Горгас неподвижно сидел несколько секунд, размышляя над услышанным.
— Хорошо. А предположим, они откажутся играть? Ни в коем случае, ни при каких обстоятельствах…
— Такое тоже возможно, — перебила Ньесса, — учитывая тип людей, с которыми мы имеем дело.
— Ну? Что тогда? — Ньесса устало вздохнула.
— Все очень просто. Нагружаем как можно больше ценностей на парочку кораблей и уплываем на Остров, а они пусть делают со Сконой что хотят, пусть проводят свою тупую военную операцию. В конце концов, — добавила она, печально улыбаясь, — мы оба в свое время порвали с родными и убежали из дома. Но на сей раз мы уже не будем представлять такое жалкое зрелище.
Горгас встал.
— Пойду домой, спать. Ты взвесь все «за» и «против» и утром скажешь, что надумала. У меня только один вопрос.
— Какой?
— Бардас. Что делать с ним? — Ньесса пожала плечами.
— Заберем с собой, конечно же. Кстати, о поручении, которое я тебе дала. Полагаю, ты еще даже не начал?
— Ньесса, — нахмурился Горгас, — я был занят.
— Я заметила, — ответила Ньесса. — В общем, проследи, чтобы все было сделано как следует, иначе мне придется вмешаться. И ты прекрасно знаешь, — добавила она, — что в этом случае тебе не поздоровится.
Геннадий?
Тишина. Ни звука. Как будто вернулся в детство и стоишь перед дверью друга, которого мать не пускает гулять; нет, Геннадий сейчас выйти не может — помогает отцу рубить дрова… Он вздохнул и открыл глаза. Теоретически головная боль должна указывать на связь с Принципом. На самом деле Алексию казалось, что она была вызвана тем, что он так долго сидел, зажмурив глаза и неестественно наклонив голову.
День казался бесконечным. По мнению директора, сидение по-турецки на полу с закрытыми глазами и головой, перекатывающейся по плечам, как у повешенного, должно помочь сфокусироваться, стать своего рода стеклом, чтобы поймать лучи Принципа, которые, очевидно, летают вокруг, как семена одуванчика. Хотя он пока не увидел ни един…

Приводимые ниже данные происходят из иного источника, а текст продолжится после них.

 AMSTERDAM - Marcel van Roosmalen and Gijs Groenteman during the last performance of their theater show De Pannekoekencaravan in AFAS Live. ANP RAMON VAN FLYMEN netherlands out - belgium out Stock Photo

…Он сидел на бочонке на палубе корабля, посреди спокойного, тихого моря. Судя по свету и положению солнца, стояло раннее утро. На небе алели первые лучи, воздух был наполнен свежестью, но Алексий чувствовал себя ужасно уставшим, как будто просидел всю ночь, дожидаясь рассвета. Похоже, на палубе больше никого не было, значит, команда все еще спит.
Он поднял голову и посмотрел на приближающуюся землю. Алексий узнал остров, такой именно он видел Скону с корабля, когда подплывал к ней. С этой стороны она была похожа на Перимадею. Равнина представляла собой серые и зеленые размытые кляксы, оставленные на горизонте торопливой рукой и не успевшие как следует просохнуть. Тем не менее что-то изменилось. И нетрудно понять, что именно.

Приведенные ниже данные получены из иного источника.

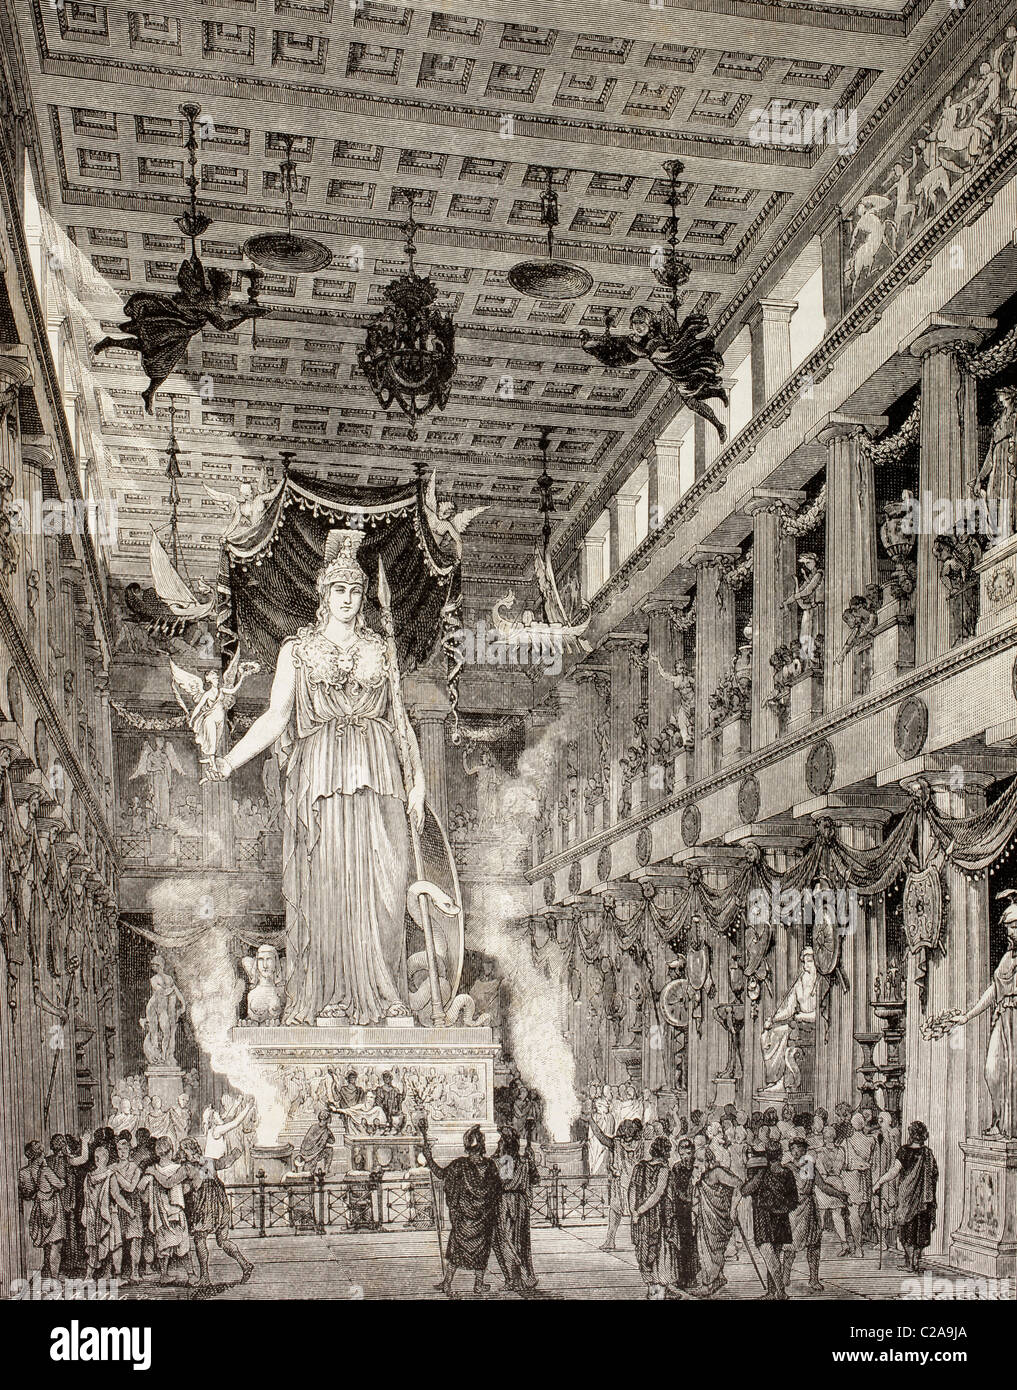 Impresión artística de el Partenón, Atenas, Grecia, durante el período clásico. La estatua de la diosa Atenea, centro. Foto de stock

Скона лежала в руинах. От развалин зданий поднимался дым. Гавань опустела, склады с причала исчезли. Что-то подтолкнуло Алексия встать и посмотреть на воду: в море в нескольких ярдах от корабля плавало мертвое тело. На самом деле даже не одно, а несколько. Не определишь, какой национальности или даже пола, — тела были слишком распухшие, пропитанные водой. Просто тела, кровь, кости и мясо, все остальное исчезло. Нечасто видишь людей, которые перестали быть людьми и превратились в сочетание частей тела и внутренних органов. Даже после смерти людей можно различить, но от этих ничего не осталось, только сырой материал.
Значит, была битва, решил Алексий. Тела в воде означают либо морской бой, либо шторм. Сгоревший город означает сражение, а отсутствие кораблей в гавани указывает на то, что их спустили на воду или для боя, или для эвакуации. Либо после шторма был ужасный пожар — и, конечно, шторм потушил бы пожар, — либо морская битва и нападение на город. Если дело в этом, то нападавшие должны быть из Шастела. Но ведь у них нет флота.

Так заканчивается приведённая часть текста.